December 09, 2006
Older: Styleaby CSS Plugin
Newer: BDD and Setting Up Controllers
Parsing XML With Hpricot
Note: I have a comprehensive write up on parsing XML with ruby which provides how to’s for Hpricot, libxml-ruby and rexml.
Parsing xml has always annoyed/confused me (well at least in php it did). When I switched to Ruby, I first learned how to get the job done with REXML, but I was left wanting something more, something easier. Due to the gentle prodding of Chris on this err post, I decided to use Hpricot to parse XML on my last web service binge, a.k.a the twitter gem I just released.
I found Hpricot easy to use and extremely quick. I was instantly sold. Heck, it made me want to go find some massive xml file and parse it just for the fun. Ok, maybe not that far. Check out the simple example below:
require 'rubygems'
require 'hpricot'
xml = %{
<status>
<id>1</id>
<created_at>a date</created_at>
<text>some text</text>
</status>
}
doc = Hpricot::XML(xml)
(doc/:status).each do |status|
['id', 'created_at', 'text'].each do |el|
puts "#{el}: #{status.at(el).innerHTML}"
end
end
Does it get any easier? Sometimes it takes me hearing something a few times to actually try it, thus I’m confirming what Chris posted about. Hpricot is sweet with xml. Go ahead and try it out. If you don’t have any xml laying around, just hit an api somewhere to get some.
7 Comments
Dec 10, 2006
Could someone pls explain what this syntax is doing?
(doc/:status).each
Dec 10, 2006
/
is actually a method call. It is aliasing the hpricot search method.doc.search(:status).each
would produce the same result. Why just added it because it is some sweet syntactical sugar.Jul 05, 2007
The example above does not work in irb with Ruby 184-20. The ‘text’ tag is for some reason not found, parses into a nil class. Changing the tag and the reference in the array below to anything else e.g. ‘fluff’ takes care of the problem. Any idea why?
xml = %{
1
a date
some text
}
doc = Hpricot(xml)
(doc/:status).each do |status|
[‘id’, ‘created_at’, ‘fluff’].each do |el|
puts “#{el}: #{status.at(el).innerHTML}”
end
end
Jul 27, 2007
script below do not work :
xml = %{
}
doc = Hpricot(xml)
(doc/:style).each do |style|
[‘id’, ‘created_at’, ‘text’].each do |el|
puts “#{el}: #{status.at(el).innerHTML}”
end
end
Jul 27, 2007
@savitri – yeah, that doesn’t work because the one element is. There is an issue in hpricot with elements named text.

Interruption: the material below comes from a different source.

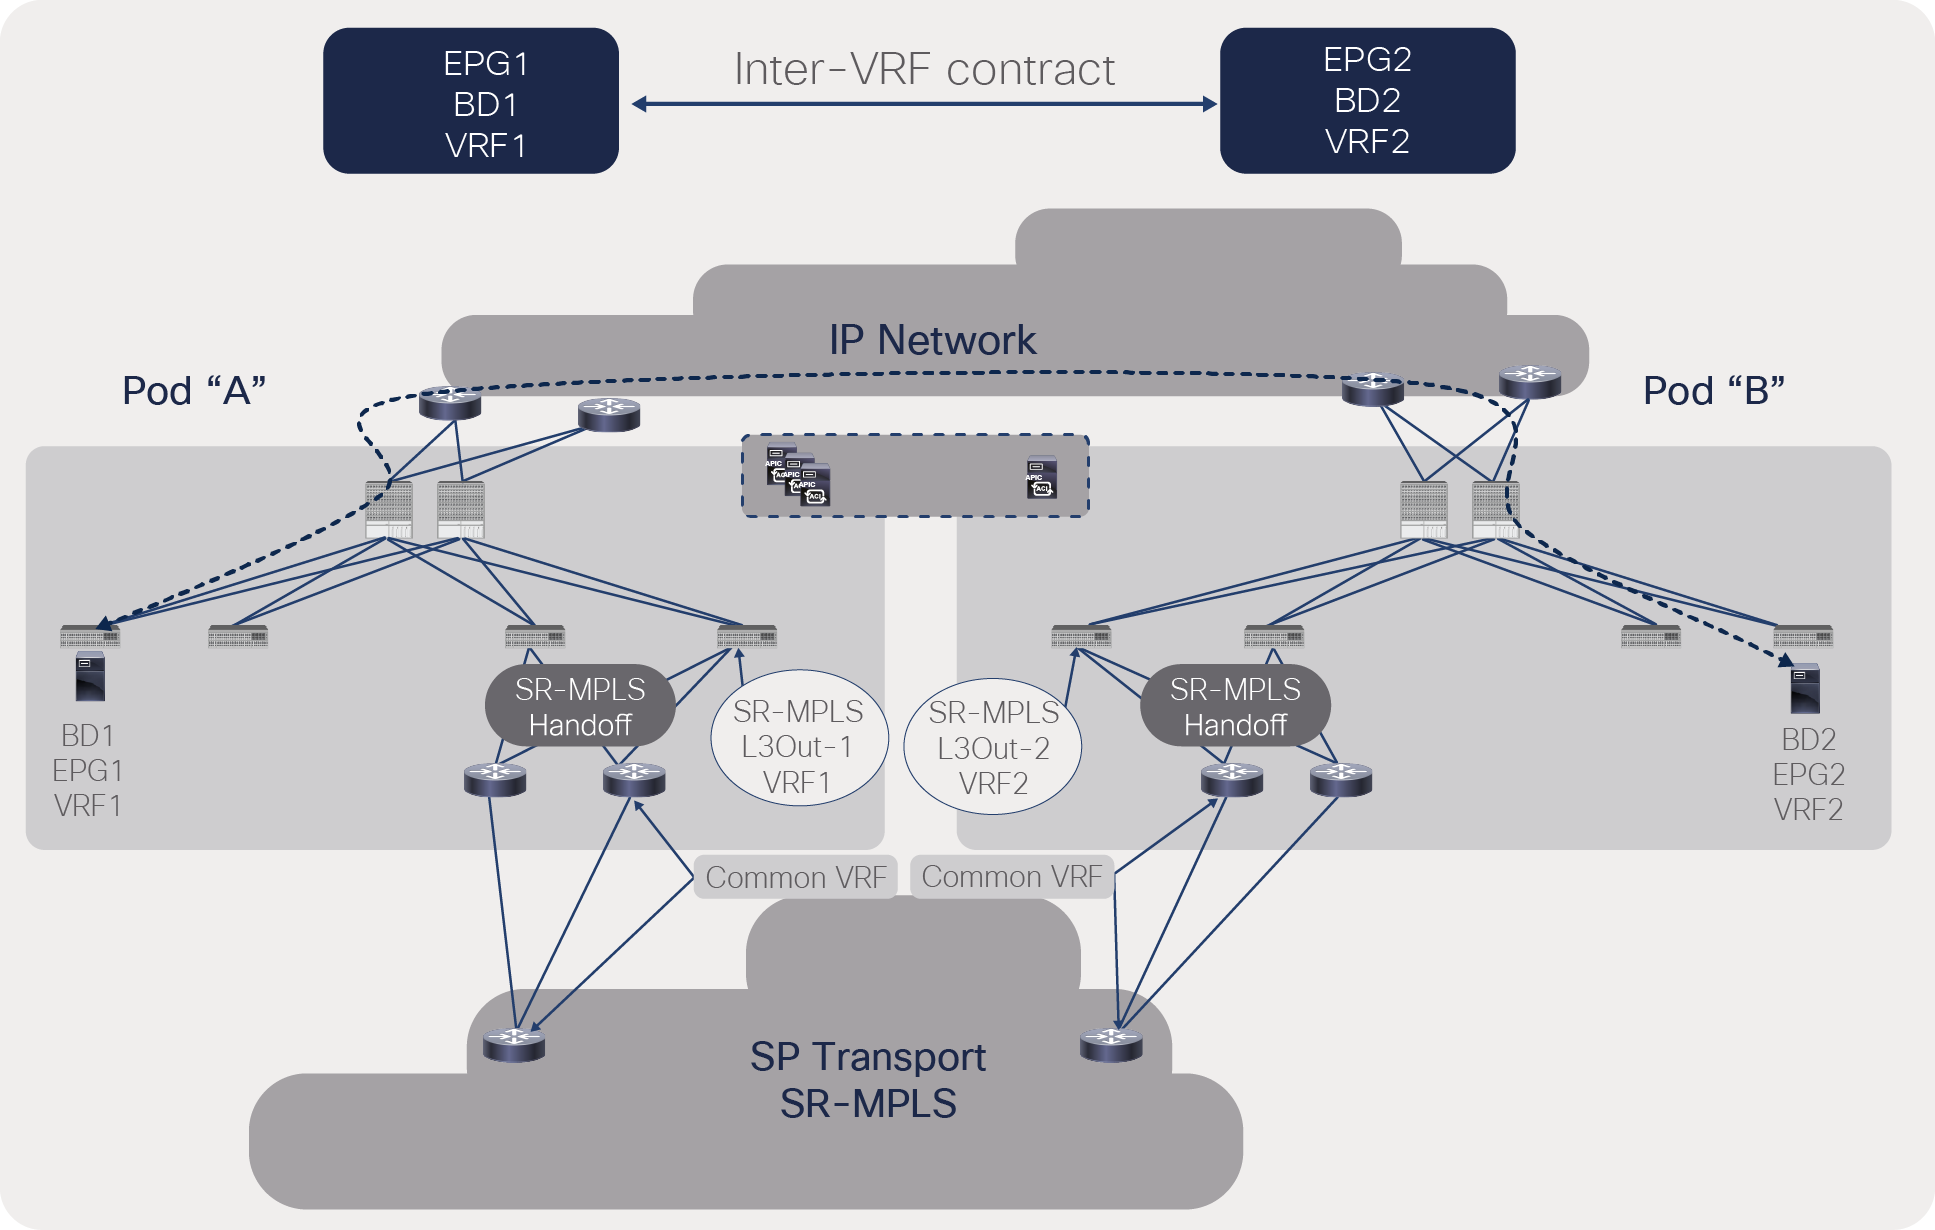 Traffic forwarding between ACI pods with an inter-VRF contract between pods
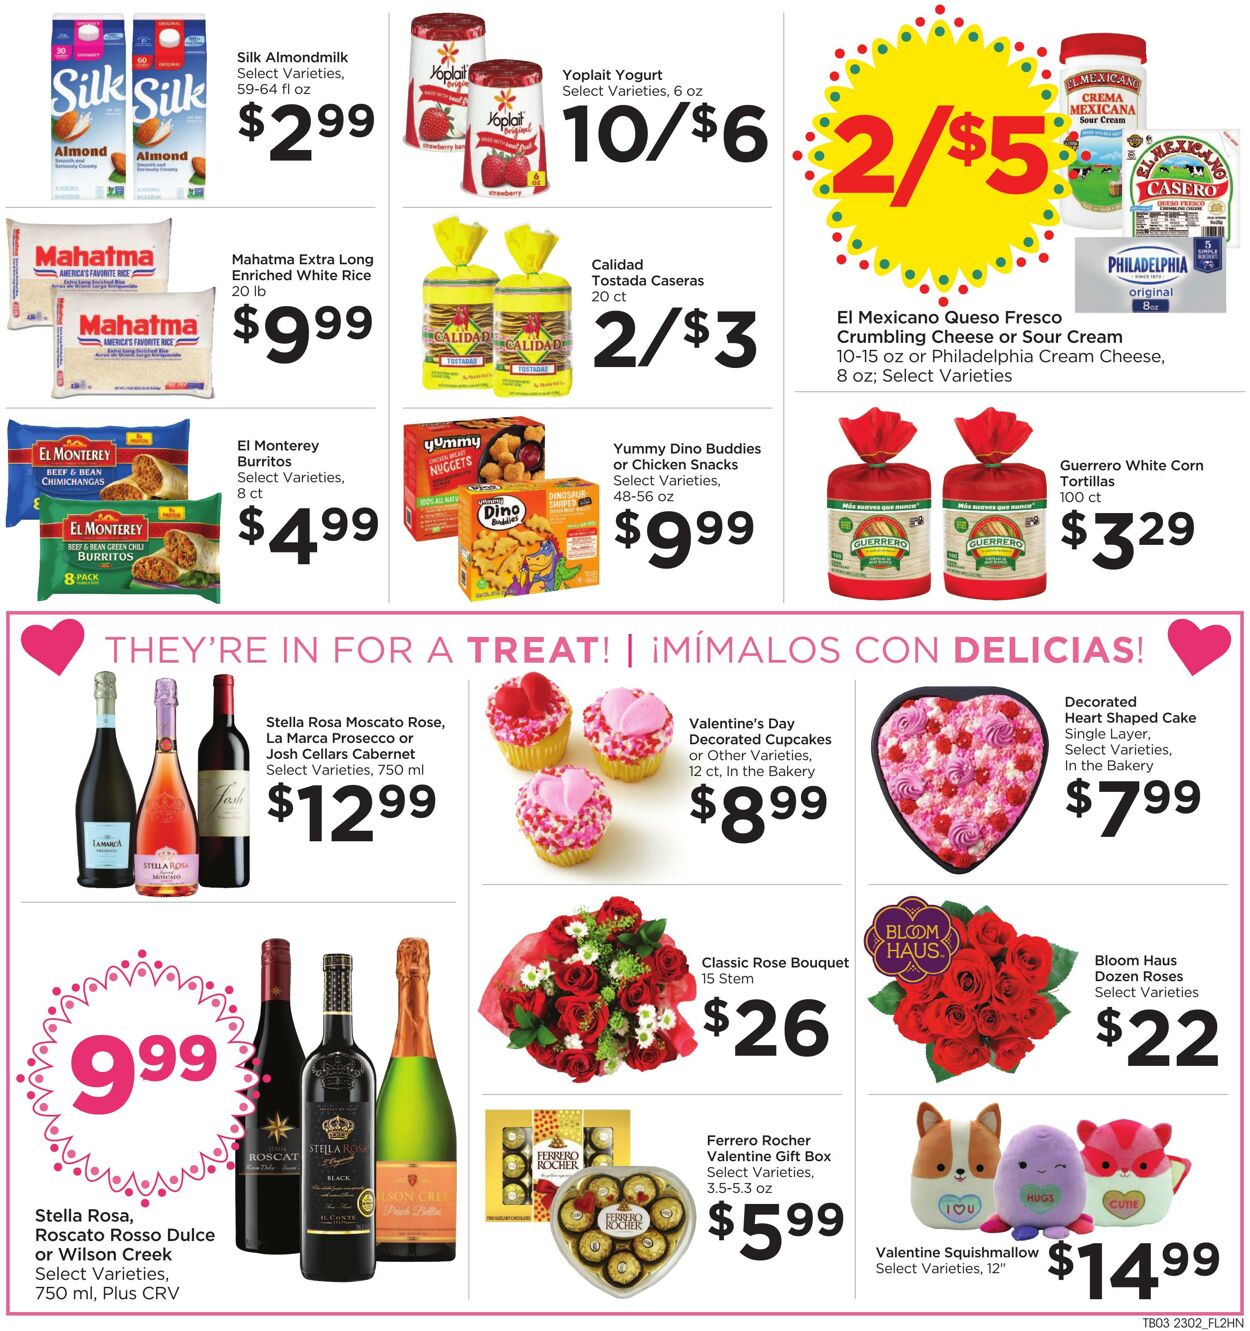 Weekly ad Foods Co 02/08/2023 - 02/14/2023

I use something like this in the twitter gem now:
status.get_elements_by_tag_name('text').innerHTML
Dec 13, 2007
You should use Hpricot::XML for processing xml, the default html handler doesn’t handle all xml tags properly.
Dec 23, 2007
@Steven – Yep. I use the xml method but I hadn’t updated the article. I will now.
Sorry, comments are closed for this article to ease the burden of pruning spam.